What this task involves: Which of the lines below contain the string "Diagram"? Copy each one.

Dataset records
- Opening Delimiter -

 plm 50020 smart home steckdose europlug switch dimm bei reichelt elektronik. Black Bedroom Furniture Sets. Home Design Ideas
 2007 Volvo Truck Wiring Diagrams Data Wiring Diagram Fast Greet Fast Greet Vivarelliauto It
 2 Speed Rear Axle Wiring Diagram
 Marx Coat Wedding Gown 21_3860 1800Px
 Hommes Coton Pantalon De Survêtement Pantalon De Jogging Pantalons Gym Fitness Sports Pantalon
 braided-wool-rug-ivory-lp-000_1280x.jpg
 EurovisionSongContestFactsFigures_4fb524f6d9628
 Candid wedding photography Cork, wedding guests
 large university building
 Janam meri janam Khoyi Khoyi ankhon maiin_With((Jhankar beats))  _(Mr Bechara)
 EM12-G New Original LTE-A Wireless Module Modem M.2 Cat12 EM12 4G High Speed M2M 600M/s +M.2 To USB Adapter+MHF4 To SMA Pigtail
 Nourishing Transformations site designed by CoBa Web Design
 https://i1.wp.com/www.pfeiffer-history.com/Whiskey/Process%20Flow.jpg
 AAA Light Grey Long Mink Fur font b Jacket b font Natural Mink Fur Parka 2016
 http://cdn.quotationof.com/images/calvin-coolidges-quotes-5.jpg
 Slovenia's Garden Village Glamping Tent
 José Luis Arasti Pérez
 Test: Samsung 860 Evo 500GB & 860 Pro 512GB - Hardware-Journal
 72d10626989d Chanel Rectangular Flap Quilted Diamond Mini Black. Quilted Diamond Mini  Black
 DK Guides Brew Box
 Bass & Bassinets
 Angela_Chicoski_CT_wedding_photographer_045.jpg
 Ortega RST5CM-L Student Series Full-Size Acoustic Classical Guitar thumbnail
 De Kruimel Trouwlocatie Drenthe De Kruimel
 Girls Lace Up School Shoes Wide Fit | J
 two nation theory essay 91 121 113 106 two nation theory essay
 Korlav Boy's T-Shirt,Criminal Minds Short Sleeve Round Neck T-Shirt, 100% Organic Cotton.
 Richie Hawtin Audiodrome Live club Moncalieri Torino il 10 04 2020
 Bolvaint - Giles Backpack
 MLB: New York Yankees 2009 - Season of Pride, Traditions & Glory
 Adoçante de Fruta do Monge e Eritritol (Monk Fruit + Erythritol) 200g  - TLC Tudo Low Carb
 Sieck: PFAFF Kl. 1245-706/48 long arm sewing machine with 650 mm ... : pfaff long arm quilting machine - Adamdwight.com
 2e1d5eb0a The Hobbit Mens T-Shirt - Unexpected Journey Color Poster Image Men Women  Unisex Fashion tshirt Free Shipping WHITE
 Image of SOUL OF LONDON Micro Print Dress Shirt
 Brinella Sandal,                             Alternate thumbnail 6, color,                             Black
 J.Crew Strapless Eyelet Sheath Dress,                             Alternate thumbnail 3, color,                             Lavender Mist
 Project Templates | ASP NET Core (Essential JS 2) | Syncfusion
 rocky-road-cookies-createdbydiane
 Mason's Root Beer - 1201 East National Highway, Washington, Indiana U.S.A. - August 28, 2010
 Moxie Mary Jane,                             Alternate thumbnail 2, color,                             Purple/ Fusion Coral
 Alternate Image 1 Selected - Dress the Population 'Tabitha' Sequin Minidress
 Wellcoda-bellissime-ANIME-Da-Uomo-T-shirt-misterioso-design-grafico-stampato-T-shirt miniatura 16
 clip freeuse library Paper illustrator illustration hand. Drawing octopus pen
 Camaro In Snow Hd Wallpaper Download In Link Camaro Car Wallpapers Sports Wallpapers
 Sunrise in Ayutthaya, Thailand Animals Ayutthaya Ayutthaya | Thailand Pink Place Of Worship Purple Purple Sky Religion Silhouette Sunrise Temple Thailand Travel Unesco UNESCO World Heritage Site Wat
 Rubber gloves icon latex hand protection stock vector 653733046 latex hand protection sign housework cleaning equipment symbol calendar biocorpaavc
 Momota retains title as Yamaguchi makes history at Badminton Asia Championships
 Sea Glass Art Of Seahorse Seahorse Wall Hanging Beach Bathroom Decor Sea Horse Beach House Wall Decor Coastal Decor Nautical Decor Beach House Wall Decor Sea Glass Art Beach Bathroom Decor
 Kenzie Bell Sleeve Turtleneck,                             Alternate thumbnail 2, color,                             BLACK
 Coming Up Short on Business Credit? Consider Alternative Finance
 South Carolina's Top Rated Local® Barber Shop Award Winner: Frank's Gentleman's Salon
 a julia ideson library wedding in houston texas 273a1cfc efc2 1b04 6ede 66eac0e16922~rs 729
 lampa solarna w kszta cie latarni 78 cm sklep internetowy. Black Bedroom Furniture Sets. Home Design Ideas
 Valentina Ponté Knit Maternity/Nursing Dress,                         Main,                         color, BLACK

- Closing Delimiter -

Output for this exercise:
 2007 Volvo Truck Wiring Diagrams Data Wiring Diagram Fast Greet Fast Greet Vivarelliauto It
 2 Speed Rear Axle Wiring Diagram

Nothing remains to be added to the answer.